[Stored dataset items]
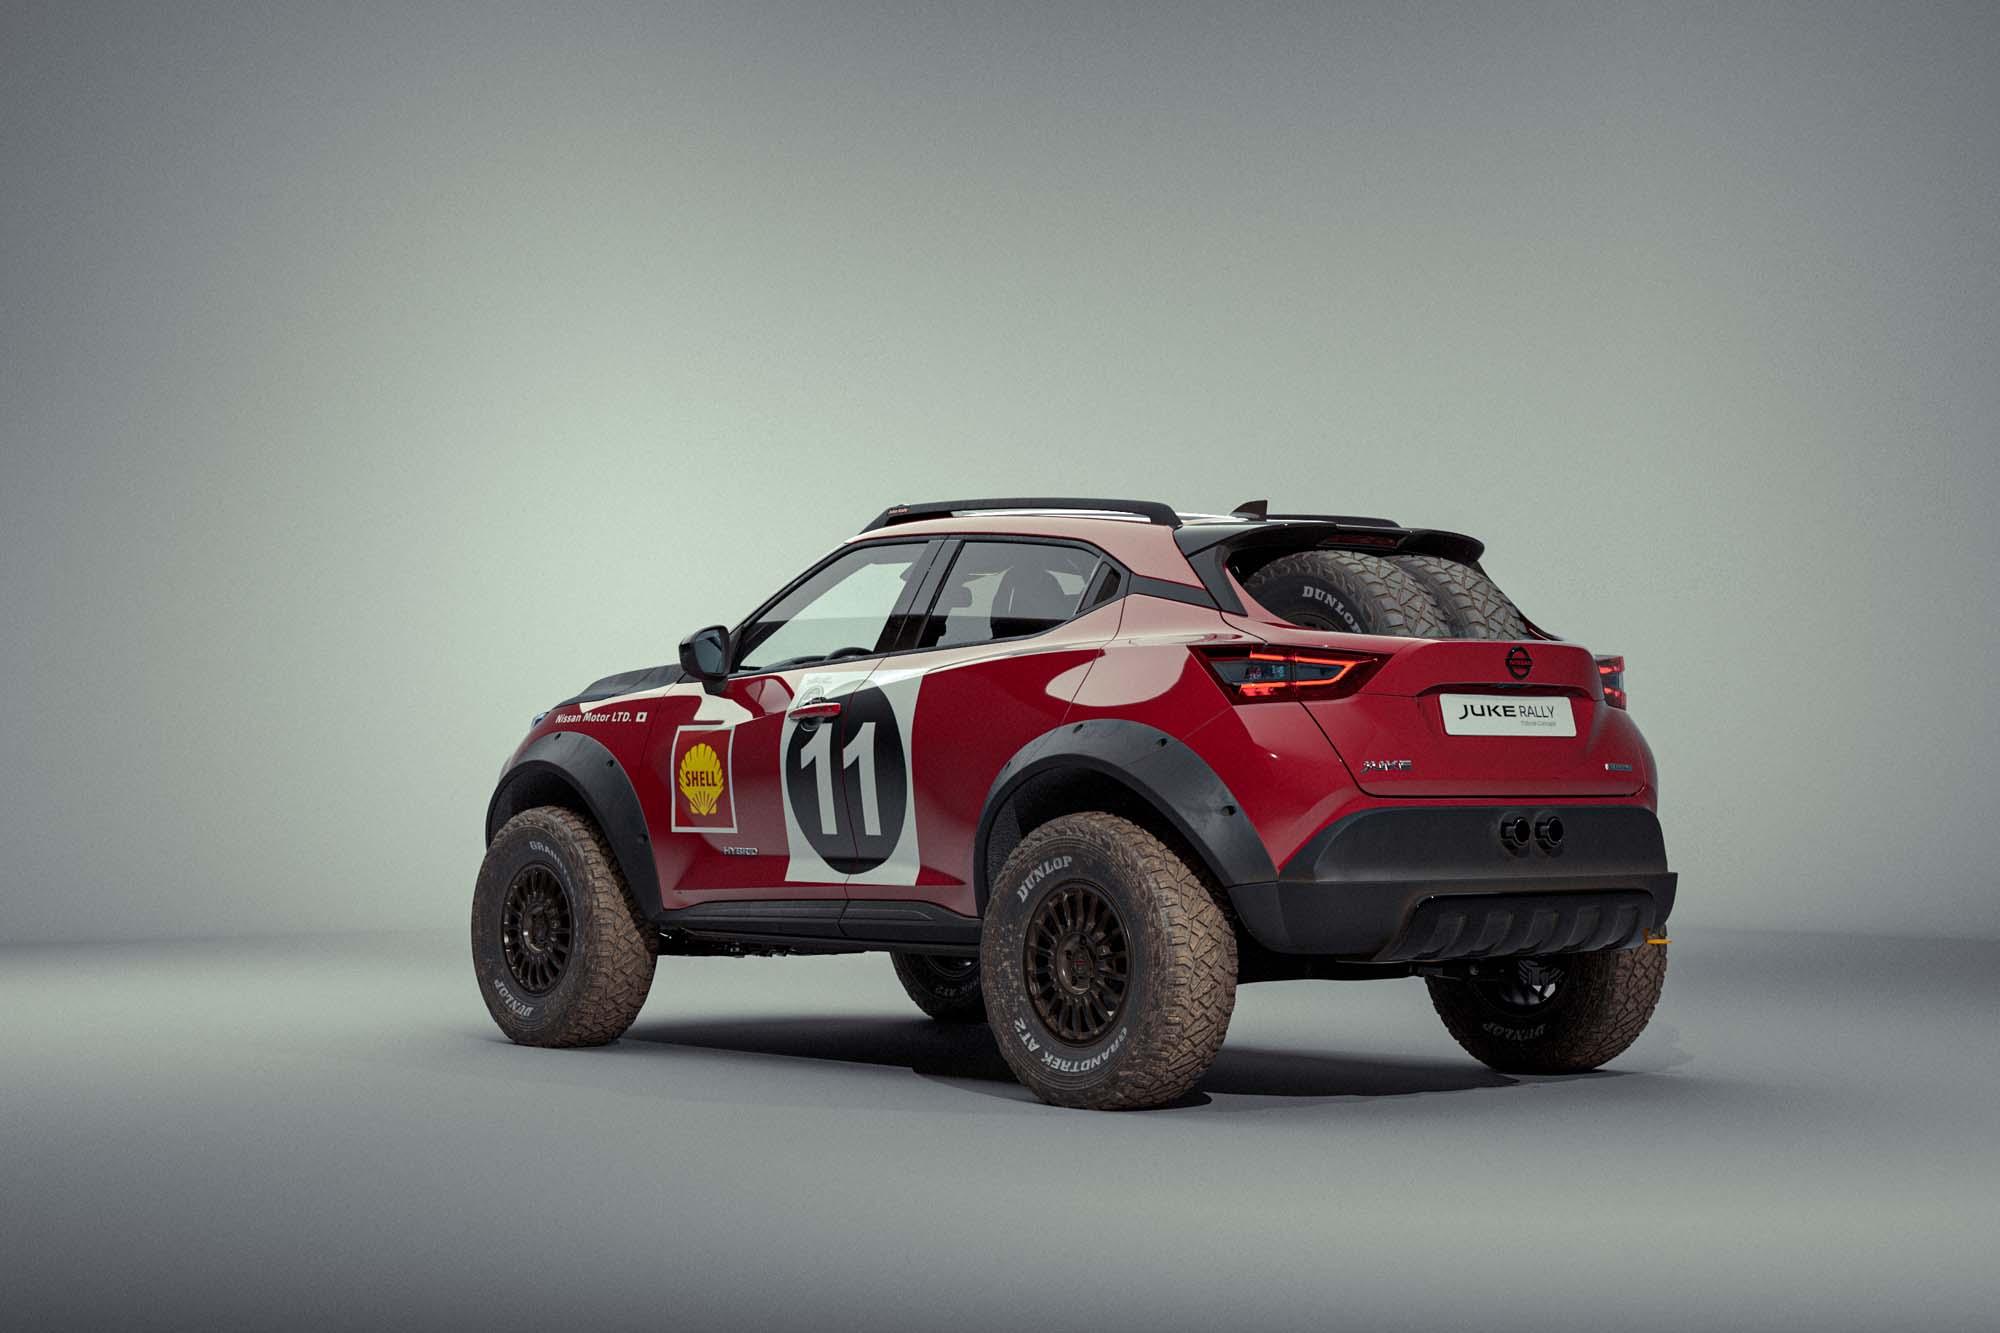 JUKE Rally Heritage Concept 2.JPG Πώς σου φαίνεται αυτό το Nissan Juke Rally; Nissan, Nissan Juke, zblog, ειδήσεις, Νέα
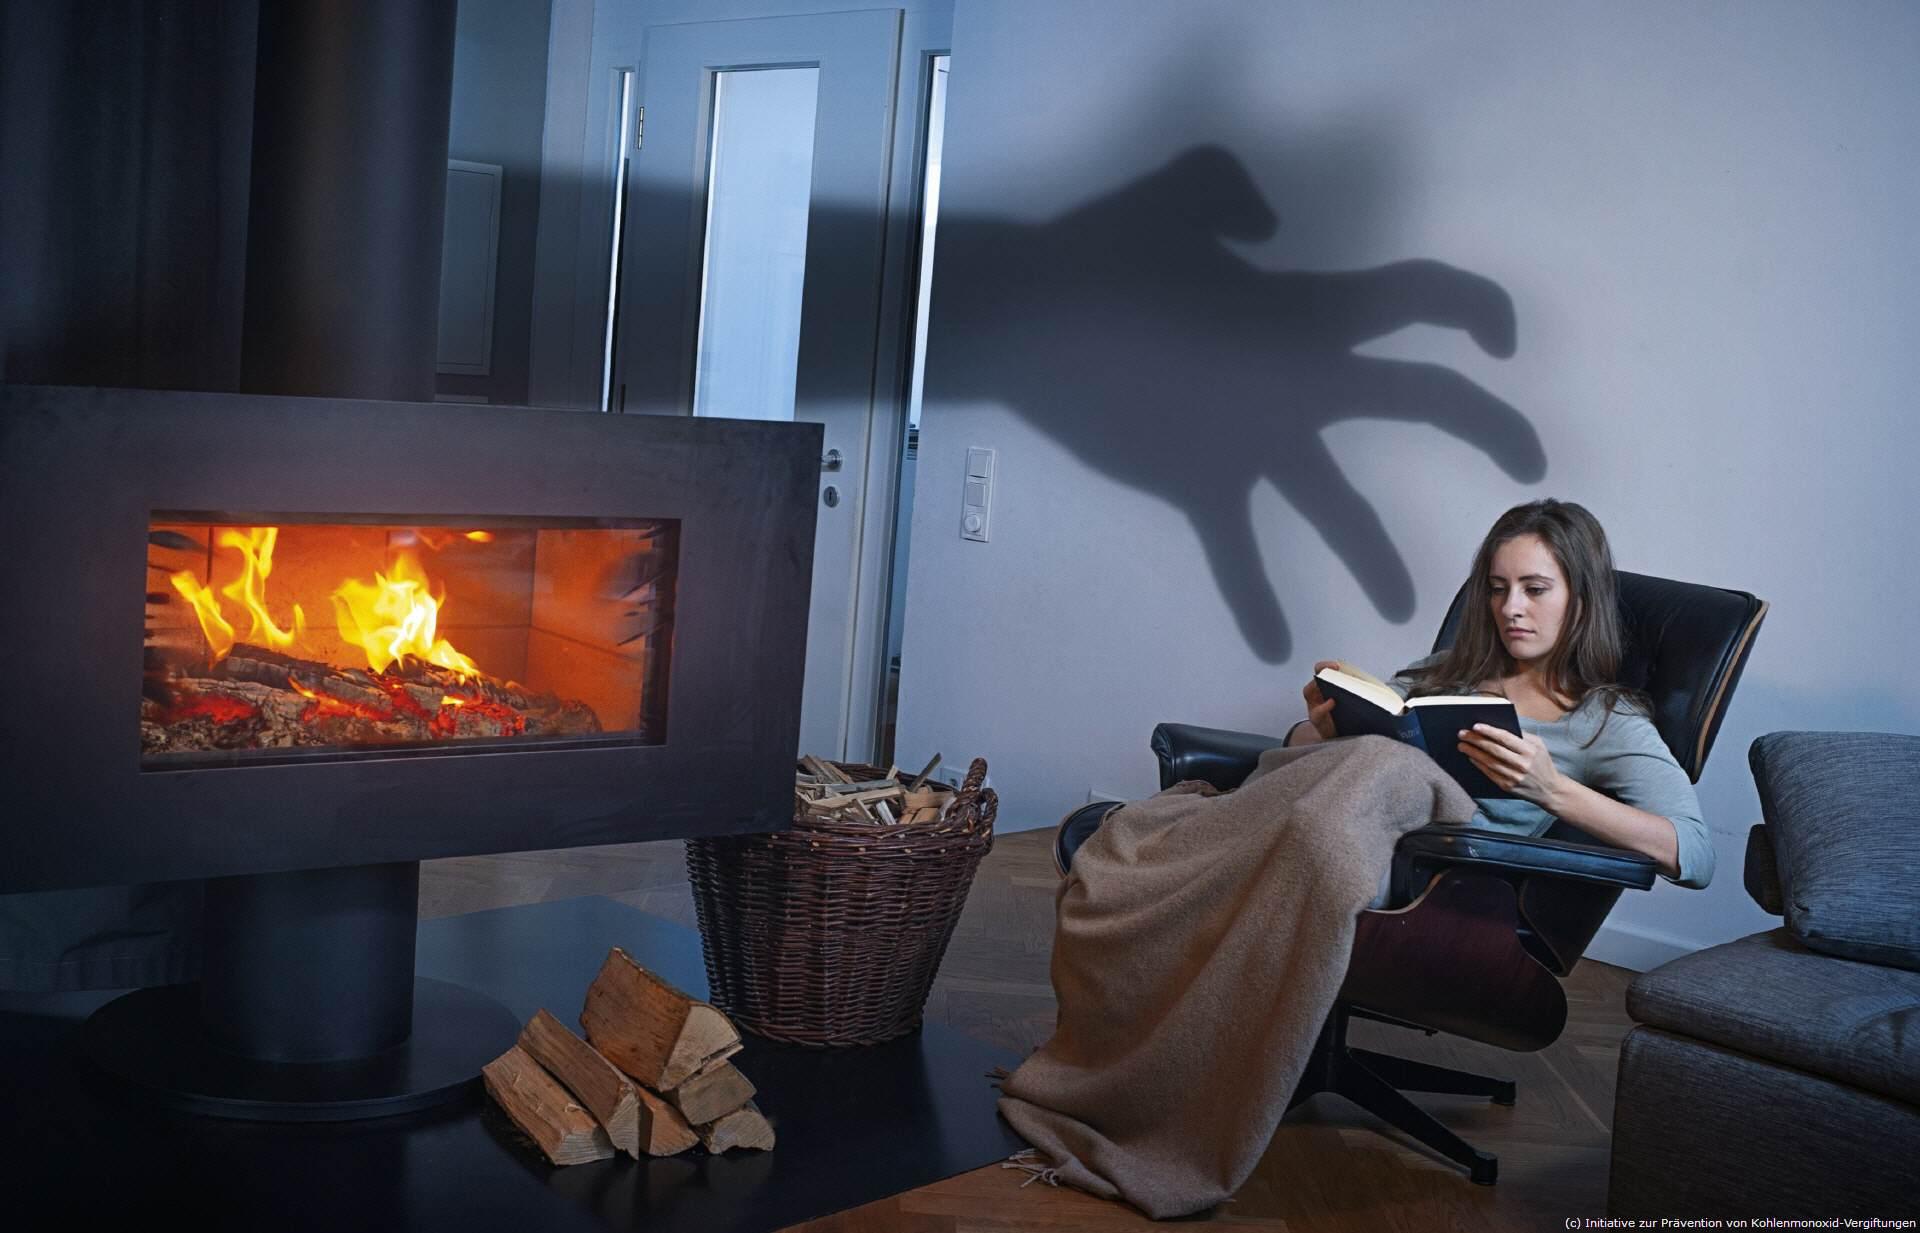 heizen mit holz erneuerbaren energien tipps f r. Black Bedroom Furniture Sets. Home Design Ideas
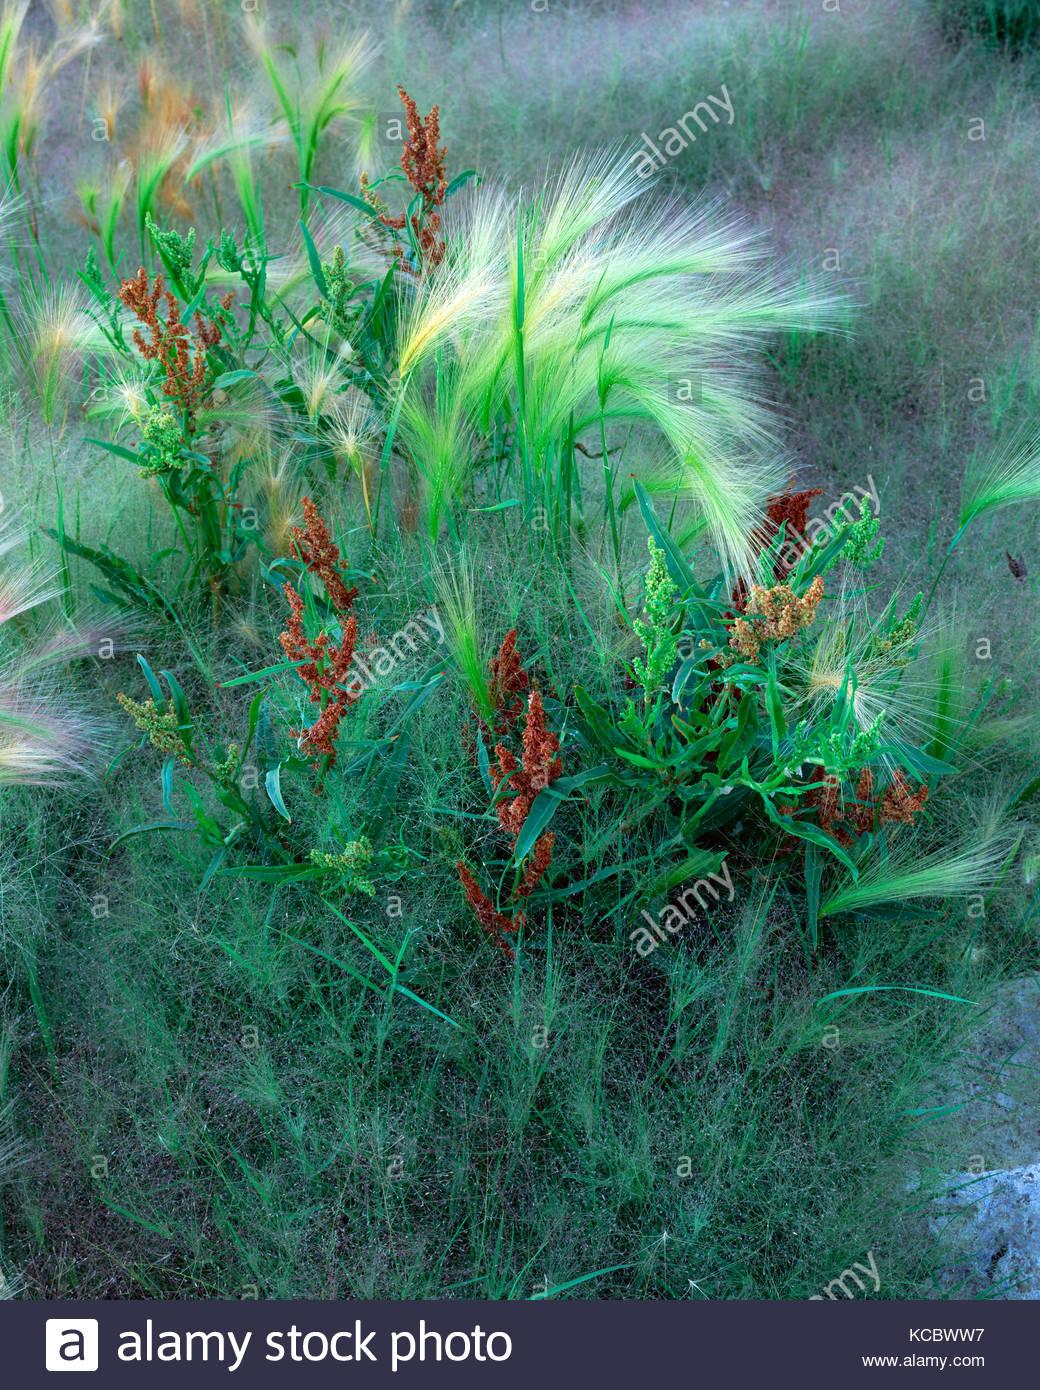 Mixed Grasses at Mono Lake, Mono Basin National Forest Scenic Area, California - Stock Image
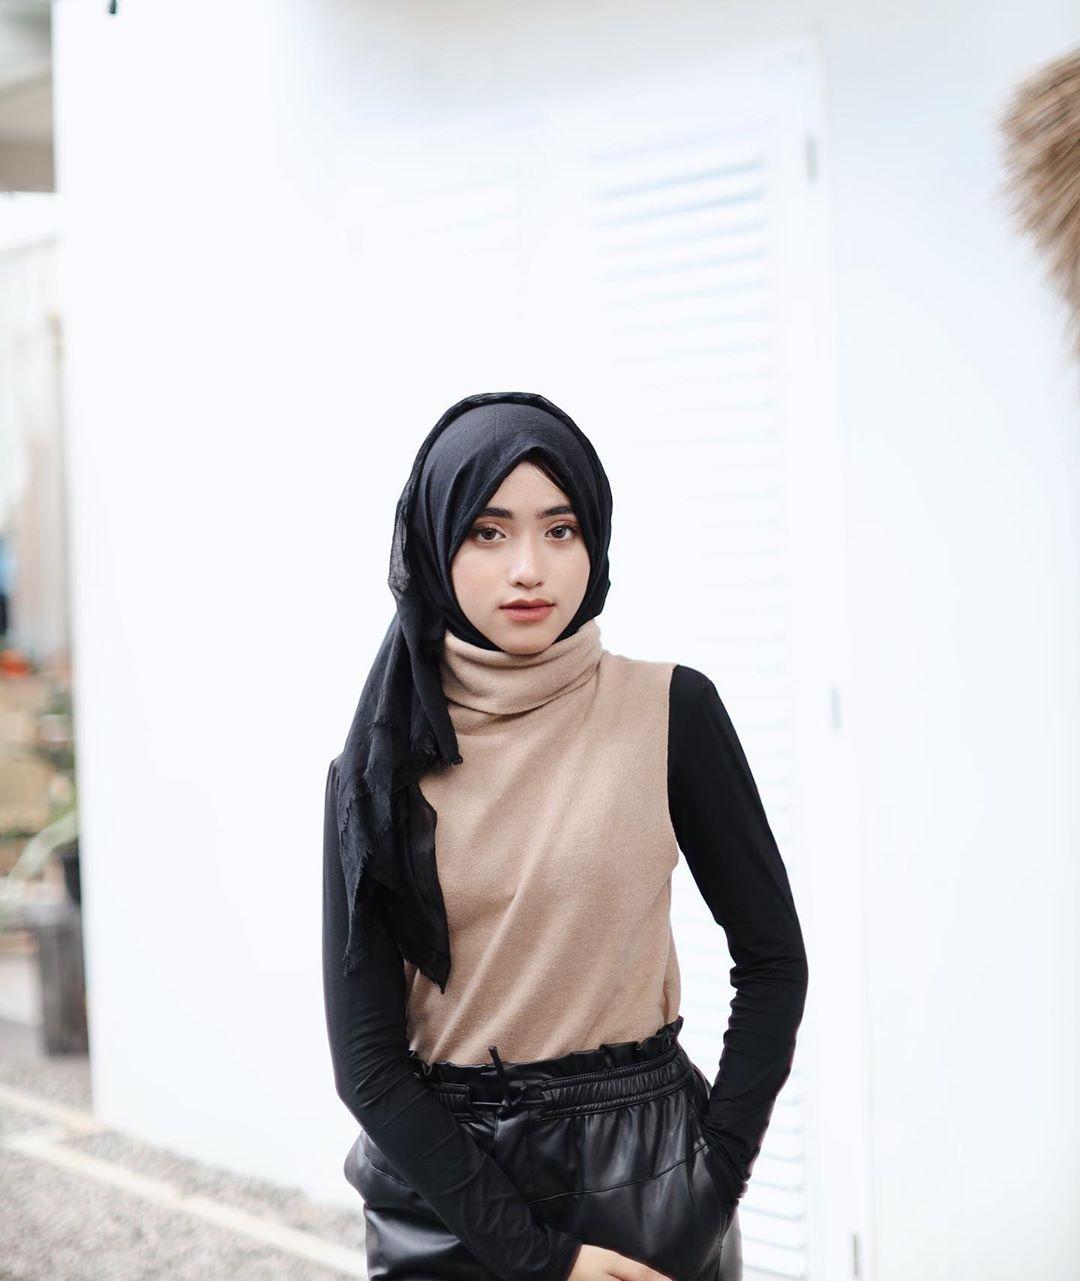 Shirin Al Athrus Shireeenz Instagram Photos And Videos Artofit
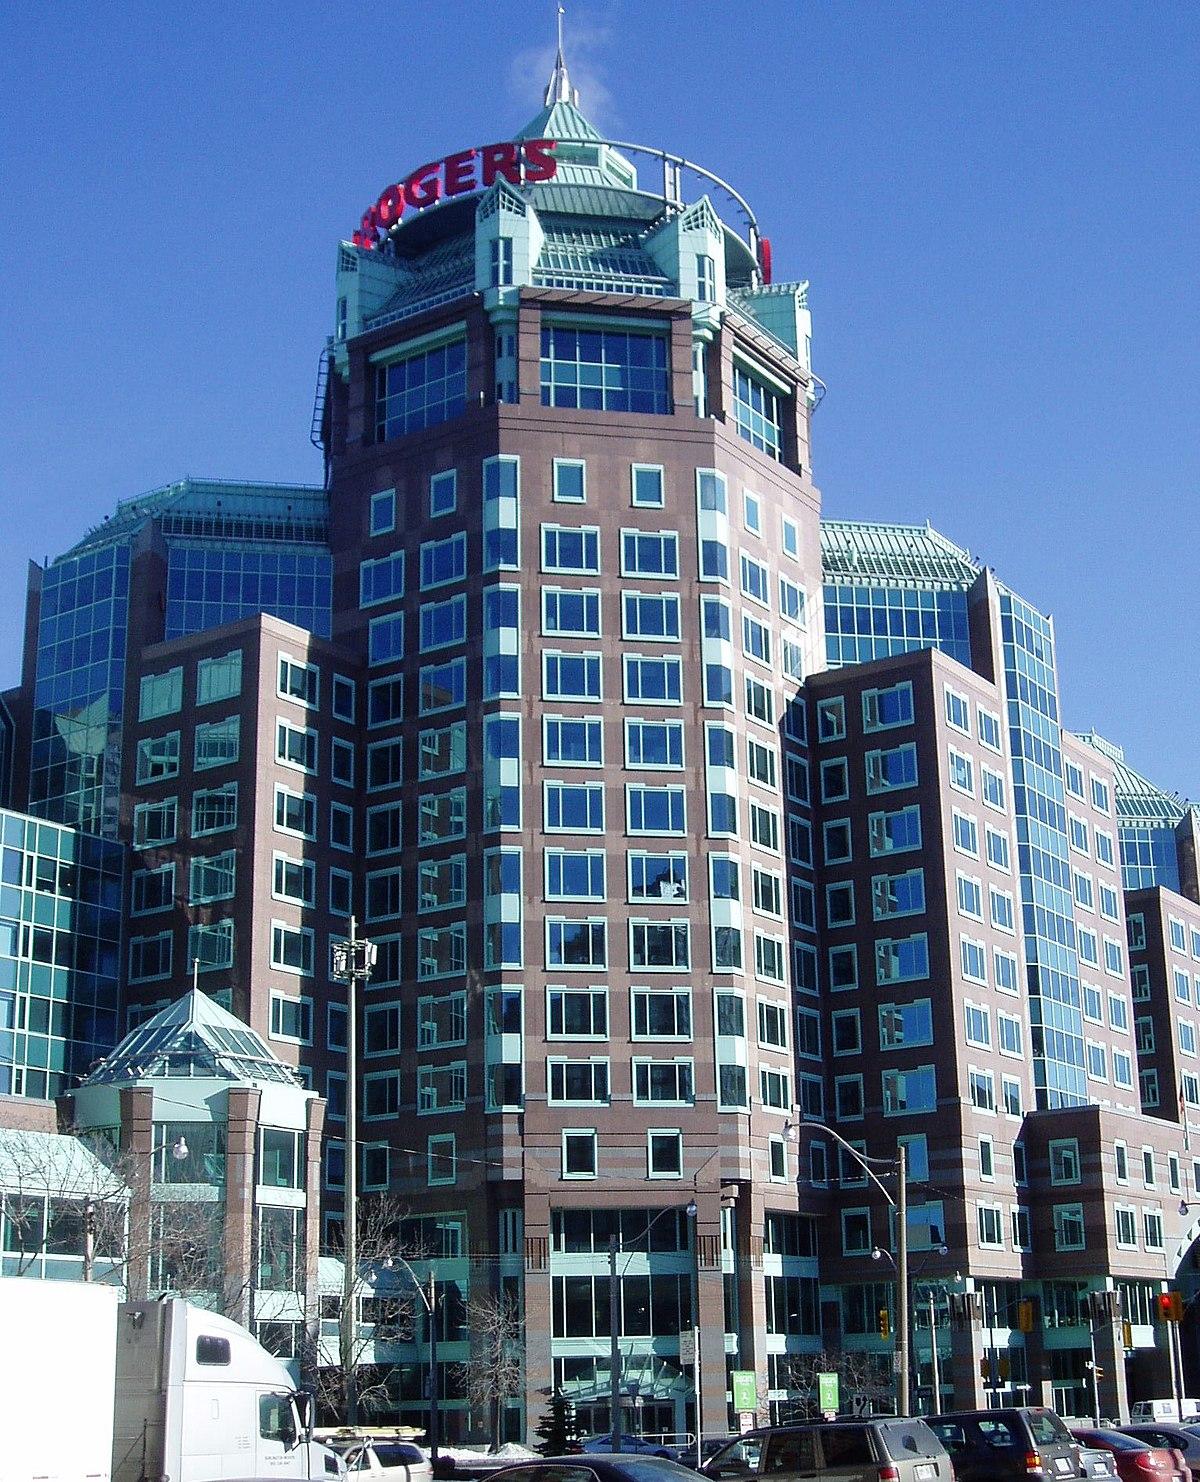 Rogers Communications - Wikipedia

◆ **Work required**
Could you repeat, exactly and with nothing else, the lines from the first line of the records through the line containing "heizen mit holz"? Leave out the pictures.

◆ **Answer**
 JUKE Rally Heritage Concept 2.JPG Πώς σου φαίνεται αυτό το Nissan Juke Rally; Nissan, Nissan Juke, zblog, ειδήσεις, Νέα
 heizen mit holz erneuerbaren energien tipps f r. Black Bedroom Furniture Sets. Home Design Ideas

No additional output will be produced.